INSTRUCTIONS FOR THE TASK — The result is the exact lines from the one containing "Filles del sol: Les" through the final line of the entries; leave out the pictures.

START RECORDS TO USE

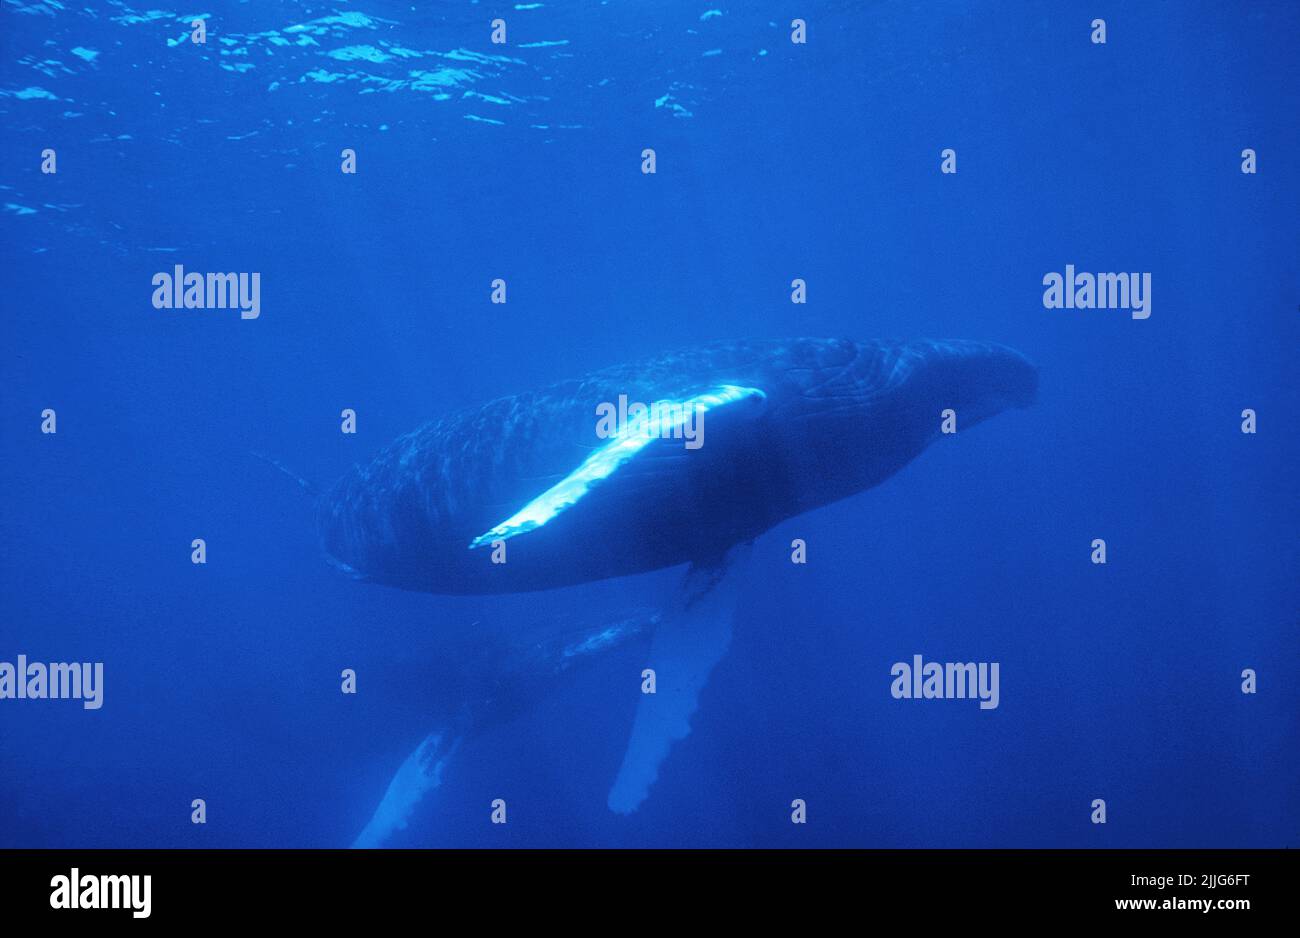 Buckelwal (Megaptera novaeangliae), im blauen Wasser, Silverbanks, Dominikanische Republik, Karibik | Humpback Whale (Megaptera novaeangliae), in blue Stock Photo
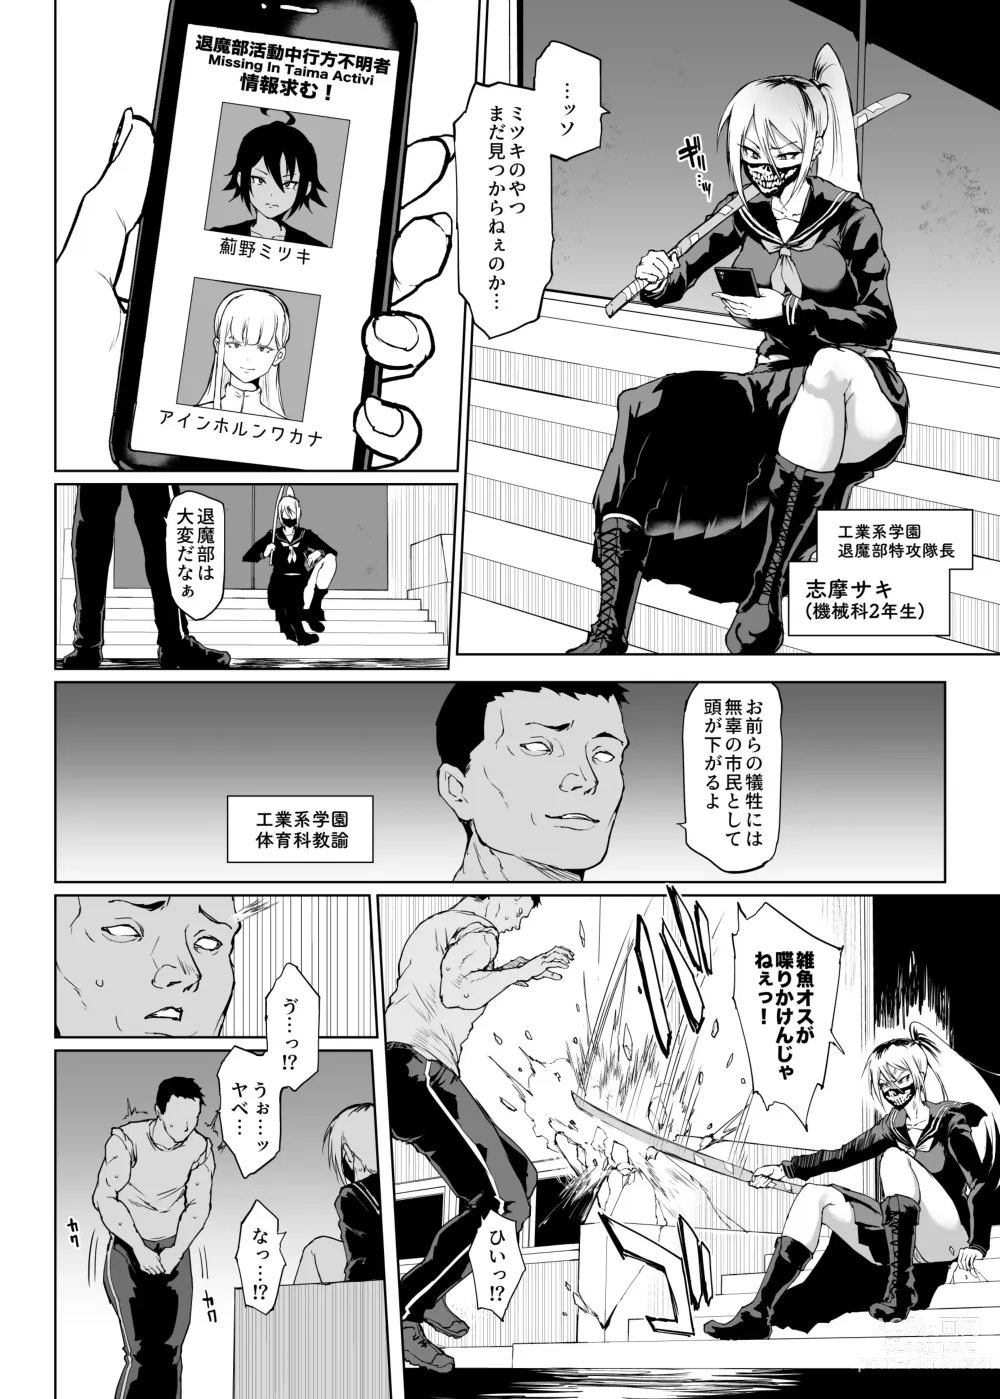 Page 2 of doujinshi Taimabu S3 Noroi no Kaiga Hen 2
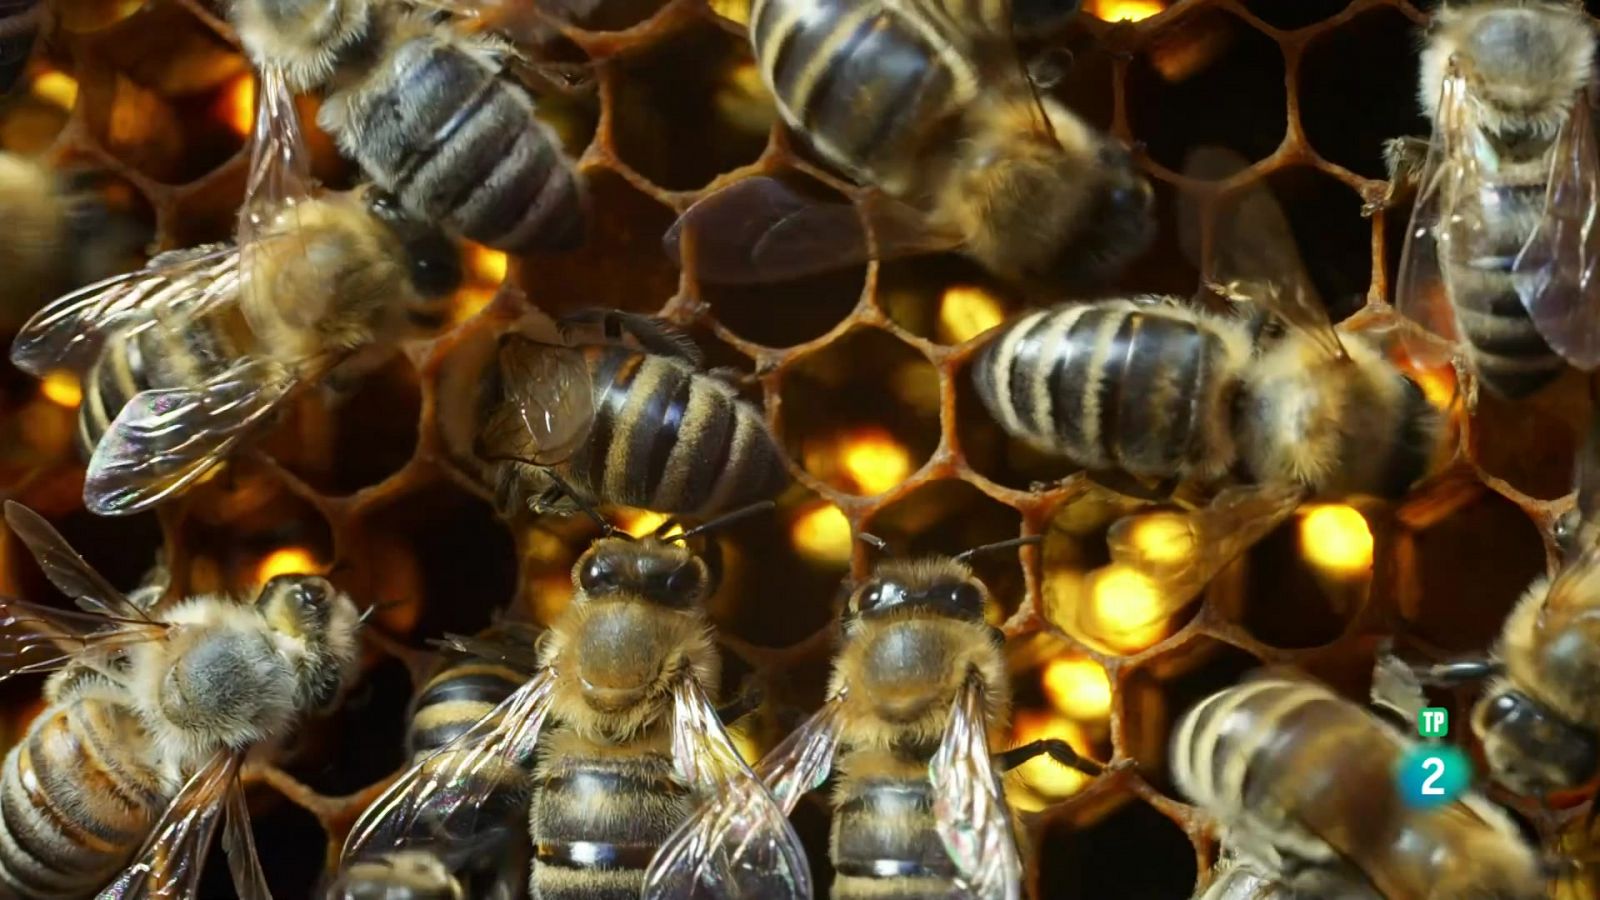 Filles del sol: Les abelles silvestres | Grans Documentals
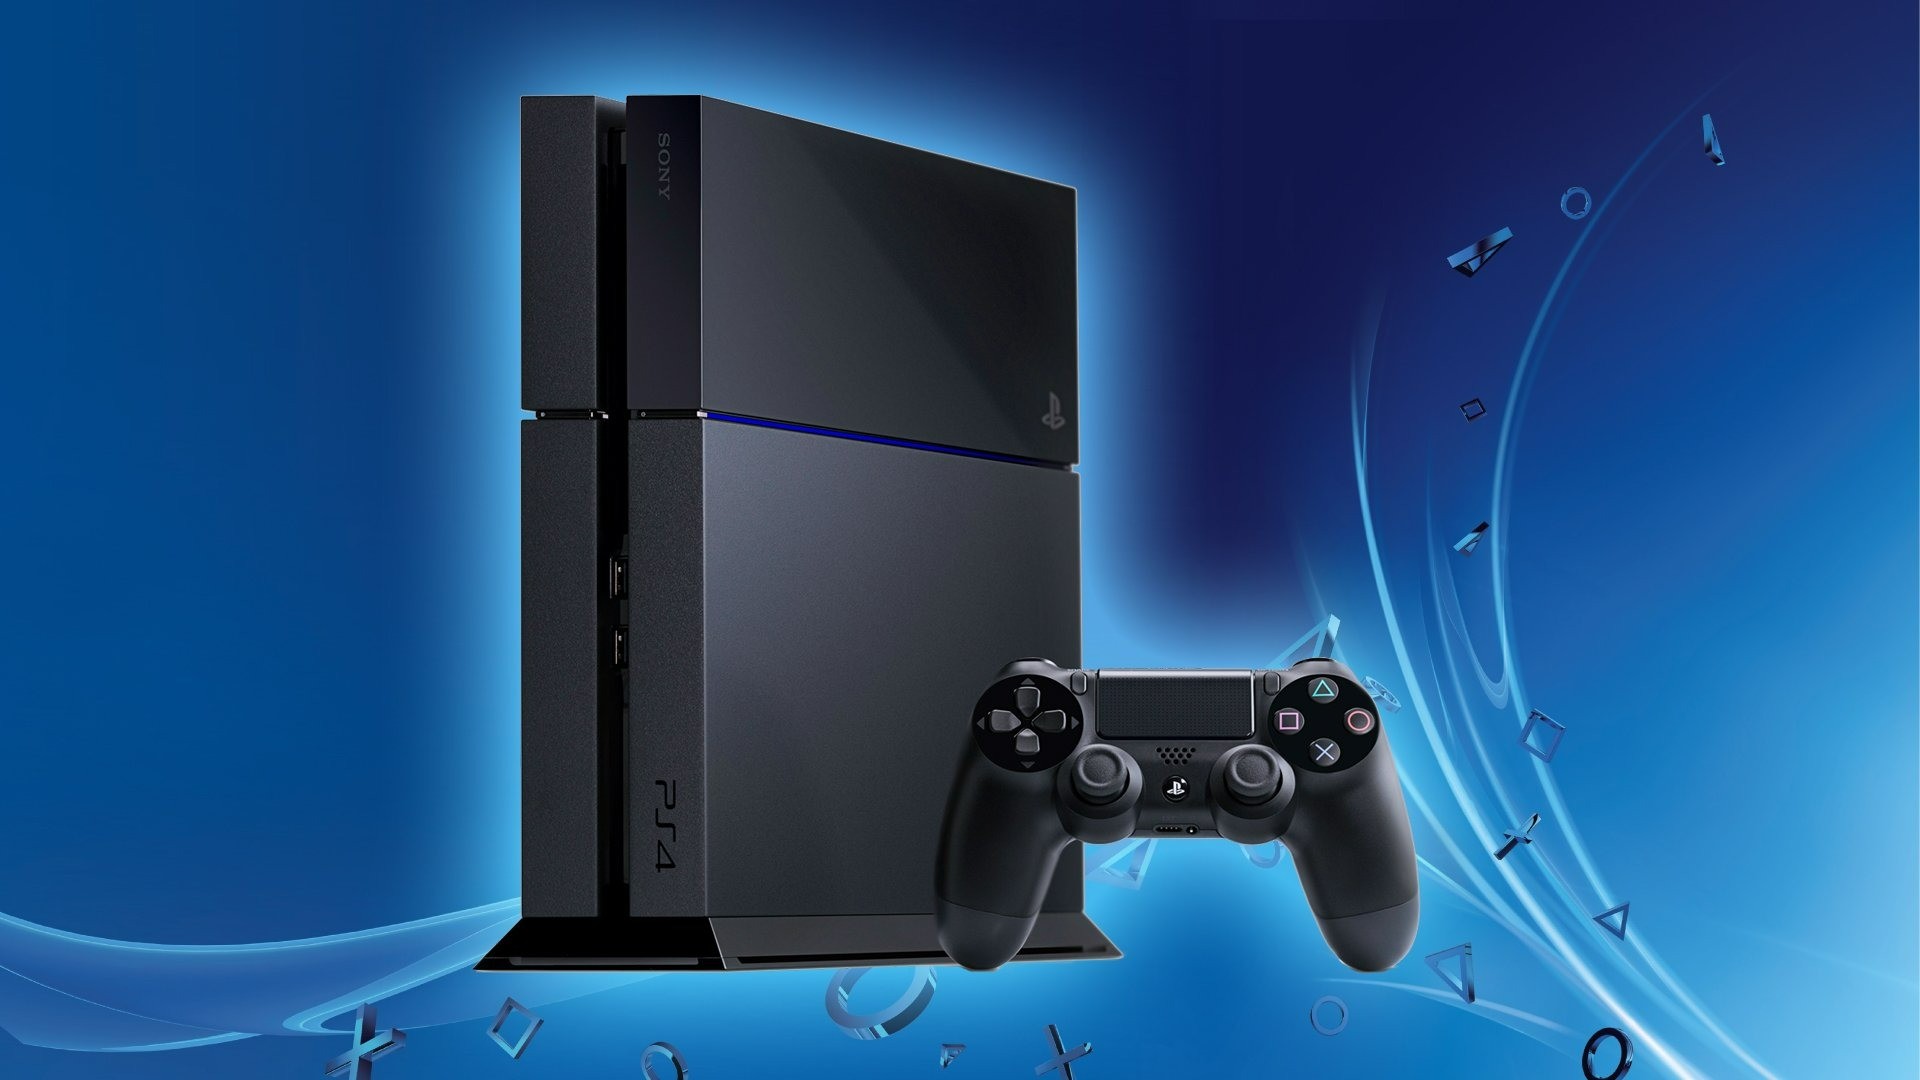 PlayStation: promoções em consoles, acessórios e jogos [Semana 25
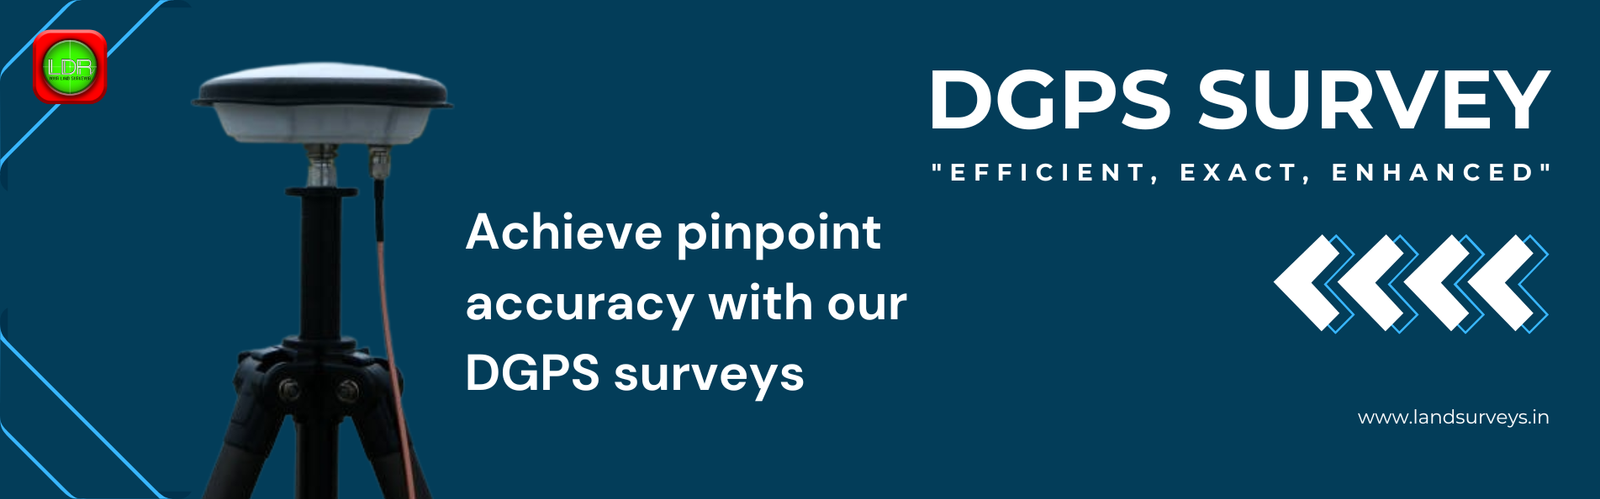 DGPS Survey
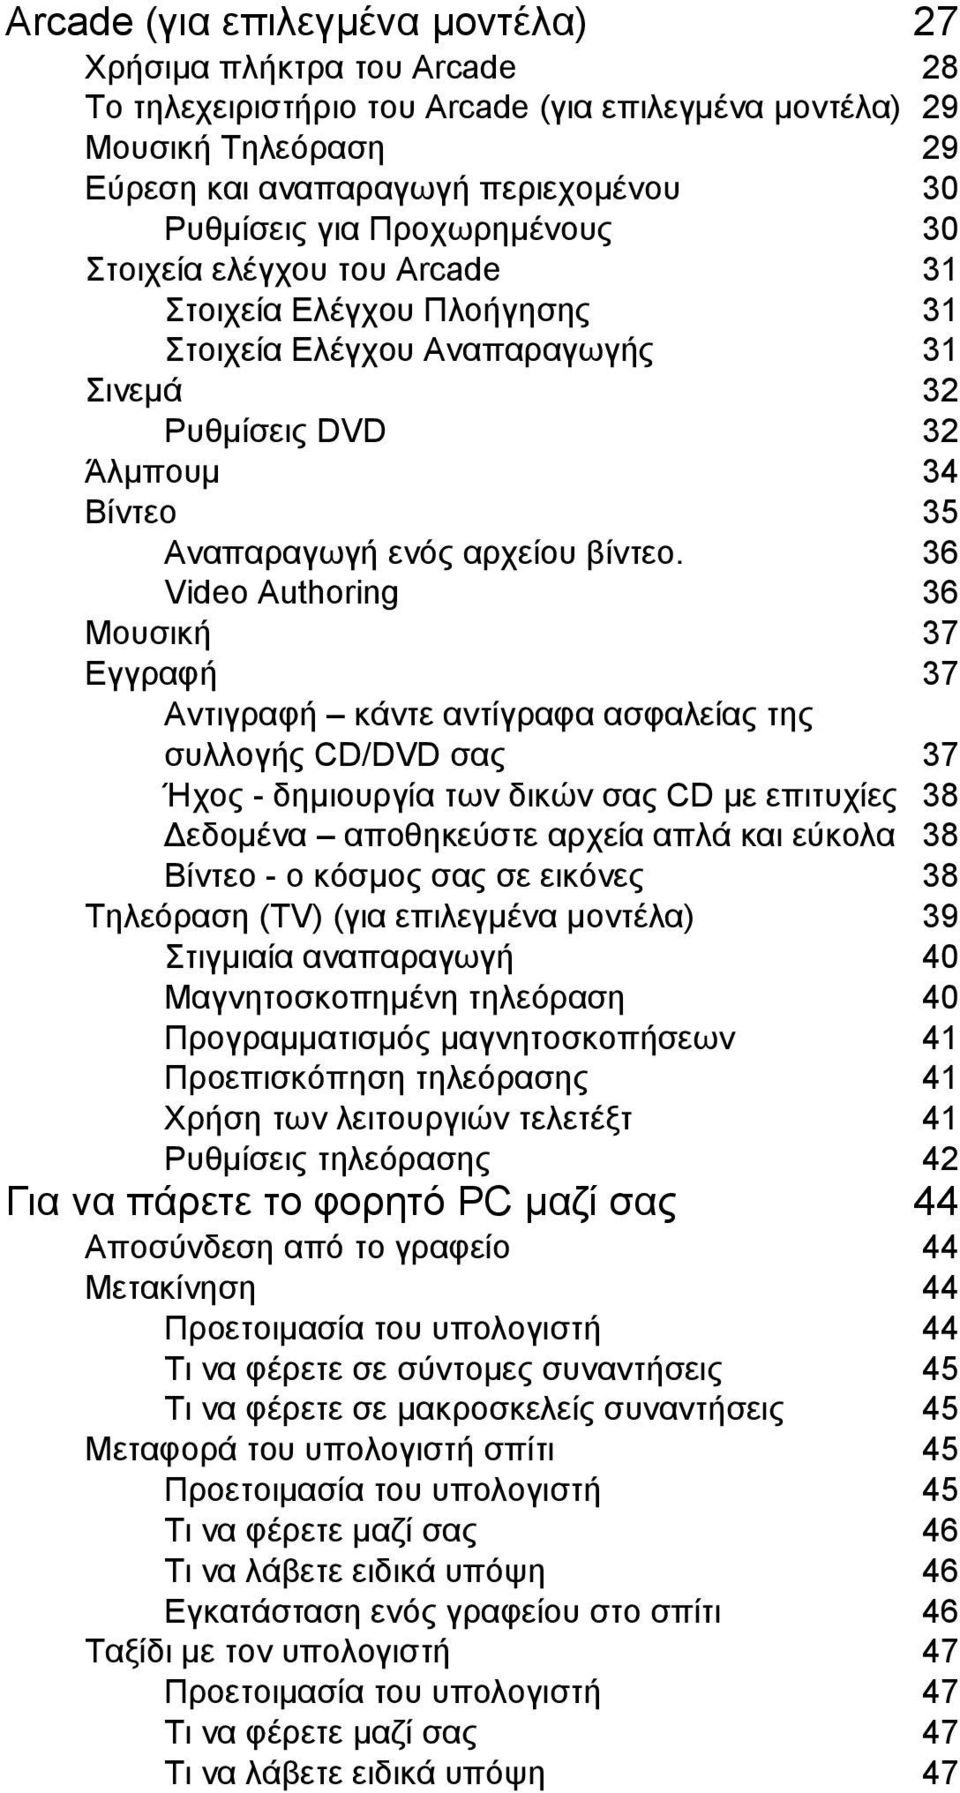 36 Video Authoring 36 Μουσική 37 Εγγραφή 37 Αντιγραφή κάντε αντίγραφα ασφαλείας της συλλογής CD/DVD σας 37 Ήχος - δηµιουργία των δικών σας CD µε επιτυχίες 38 εδοµένα αποθηκεύστε αρχεία απλά και

END RECORDS TO USE

WRITTEN SOLUTION —
 Filles del sol: Les abelles silvestres | Grans Documentals
 PlayStation: promoções em consoles, acessórios e jogos [Semana 25
 DGPS Survey
 36 Video Authoring 36 Μουσική 37 Εγγραφή 37 Αντιγραφή κάντε αντίγραφα ασφαλείας της συλλογής CD/DVD σας 37 Ήχος - δηµιουργία των δικών σας CD µε επιτυχίες 38 εδοµένα αποθηκεύστε αρχεία απλά και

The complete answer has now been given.